I have invested small amounts at various times in a mutual fund . Over a period of seven years and eight months, i have invested 386000 and the current value of my investment is 500000. What is the rate of my return? What is the formula to calculate the same.

You didn’t write whether the money is compounded, and if so, how frequently it’s compounded.

If it’s compounded 1 time per year, then the interest rate is 3.435%

If it’s compounded 4 times per year, then the interest rate is 3.395%

If it’s compounded 12 times per year, then the interest rate is 3.385%

If it’s compounded 365 times per year, then the interest rate is 3.375%

The formula is A = P * (1 + (r/n))^nt

A = amount of money accumulated after n years, including interest

P = principal amount (the initial amount you borrow or deposit)

r = annual rate of interest (as a decimal)

n = number of times the interest is compounded per year

t = number of years the amount is deposited or borrowed for.

This requires a little algebra. Solve for r.

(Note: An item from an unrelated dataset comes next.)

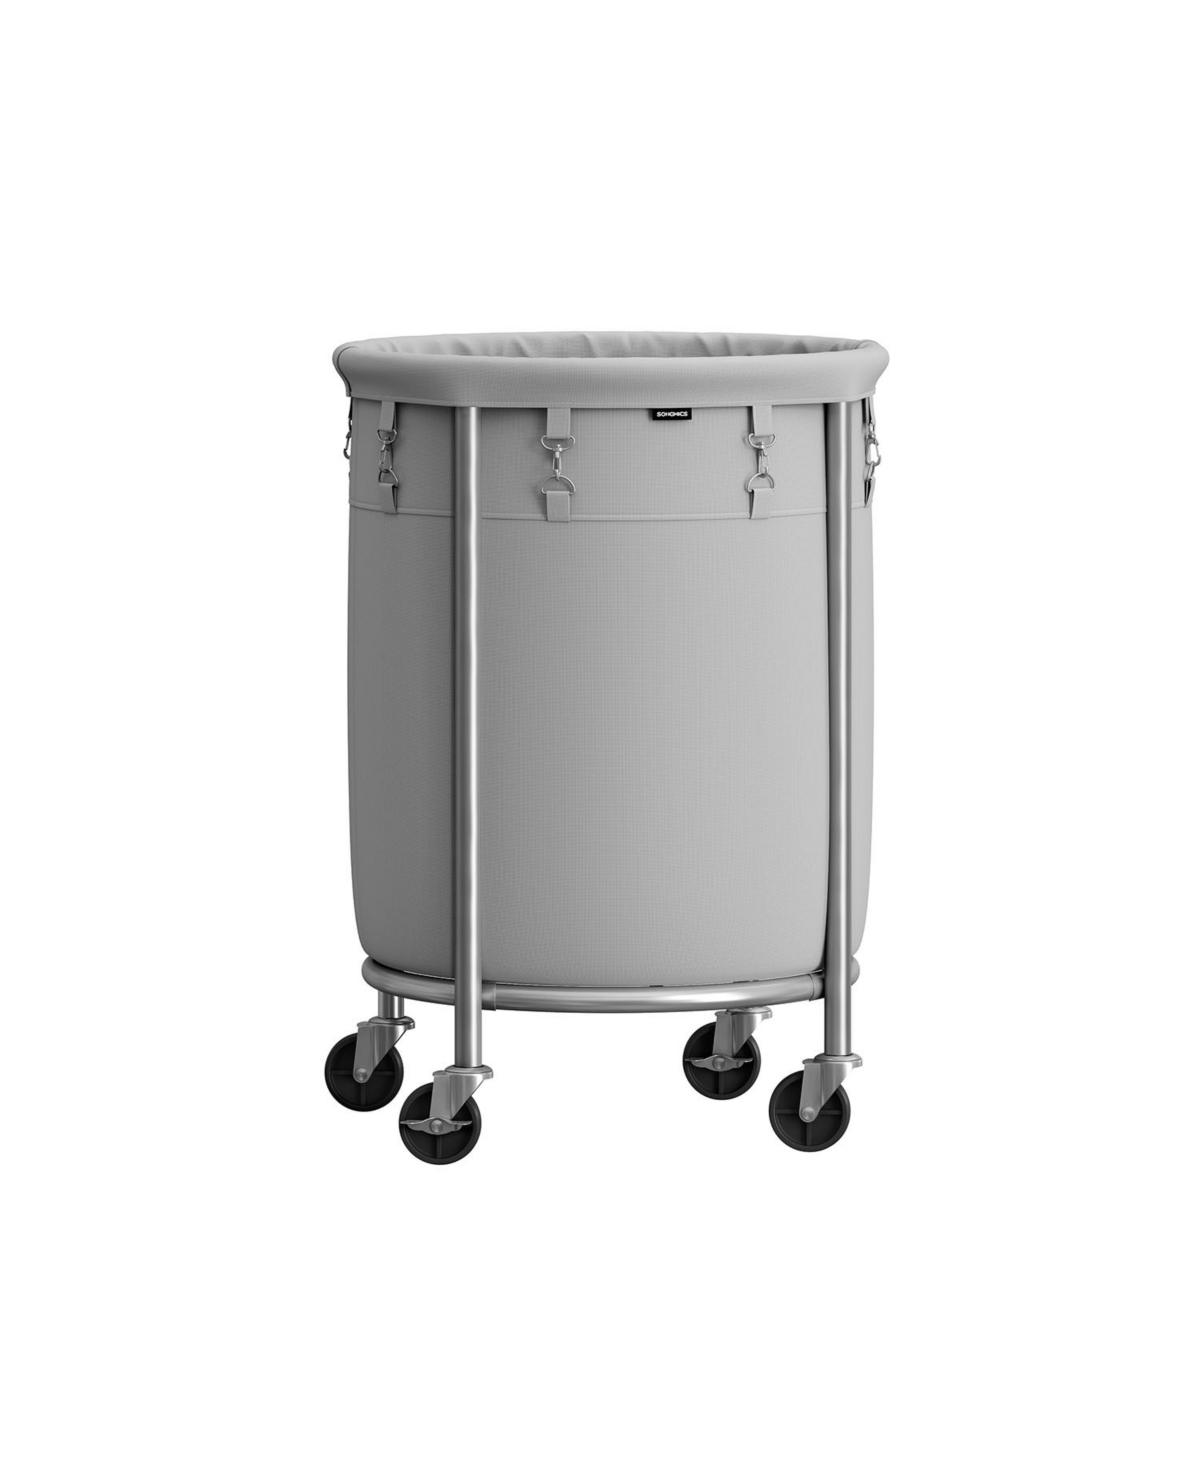 Laundry Basket With Wheels, Rolling Laundry Hamper, Round Laundry Cart With Steel Frame - Grey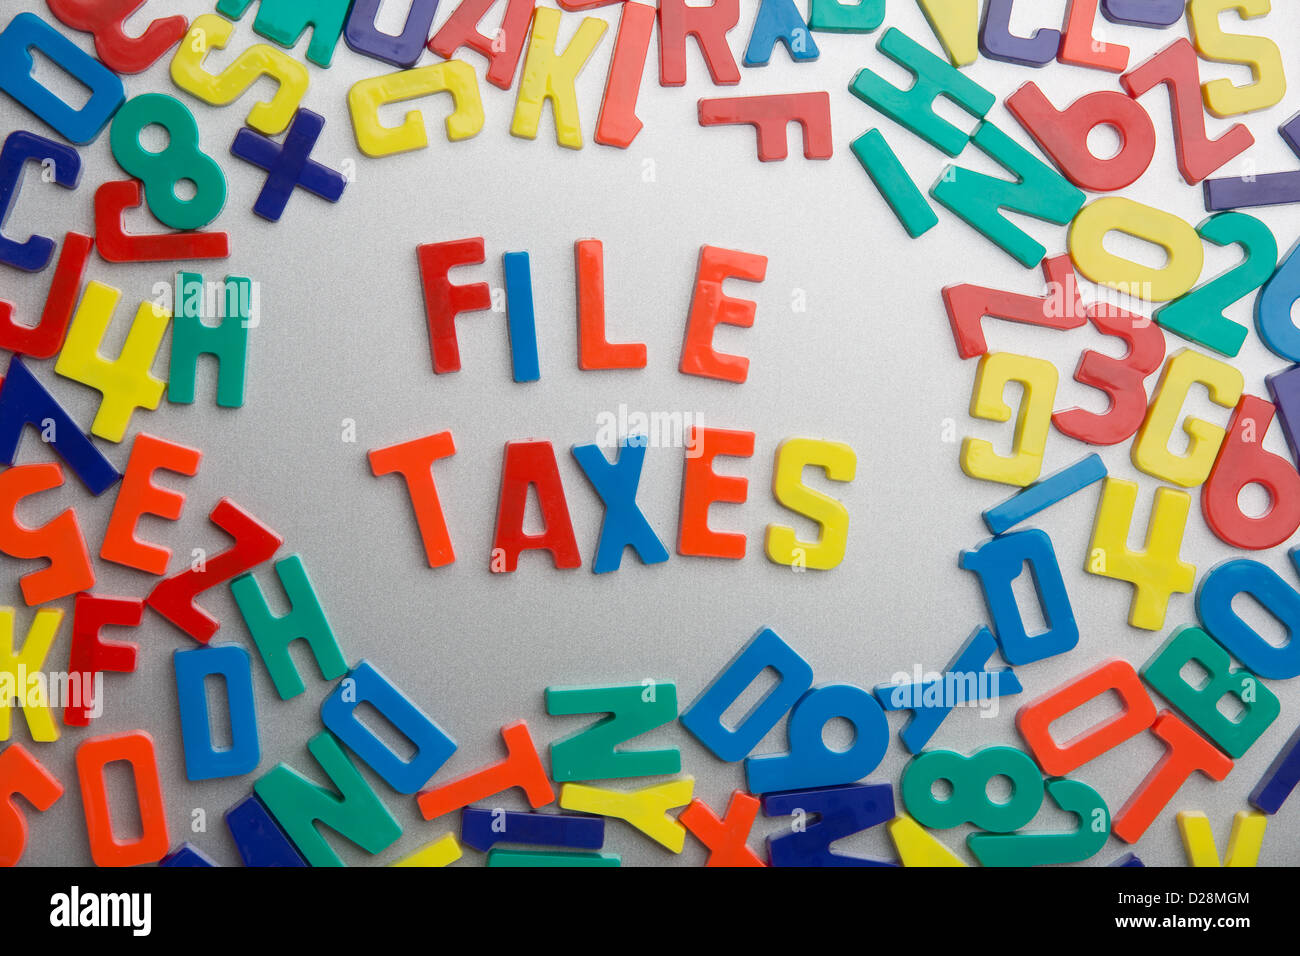 'File Taxes' - Refrigerator magnets spell a message out of a jumble of letters Stock Photo

Rate of return is 3.5%. This is the only return you will get from Mutual funds.

It is better to invest in Bank FD which have given you 9% rate of return.

Since you invested over time you cannot calculate the time weighted rate of return with the information you have provided.

IF you had invested all of the money at the beginning, your return would be:

(500,000 – 386,000)/386,000 = 0.2953, or 29.53% over the course of 7 yrs & 8months, or 7.667 years

the annual equivalent compound rate would be: 1.2953^(1/7.667) – 1 = 0.0343, or about 3.43%

See the link for calculating the time weighted return. You’ll need the dates of your contributions and the balance of the account on those dates.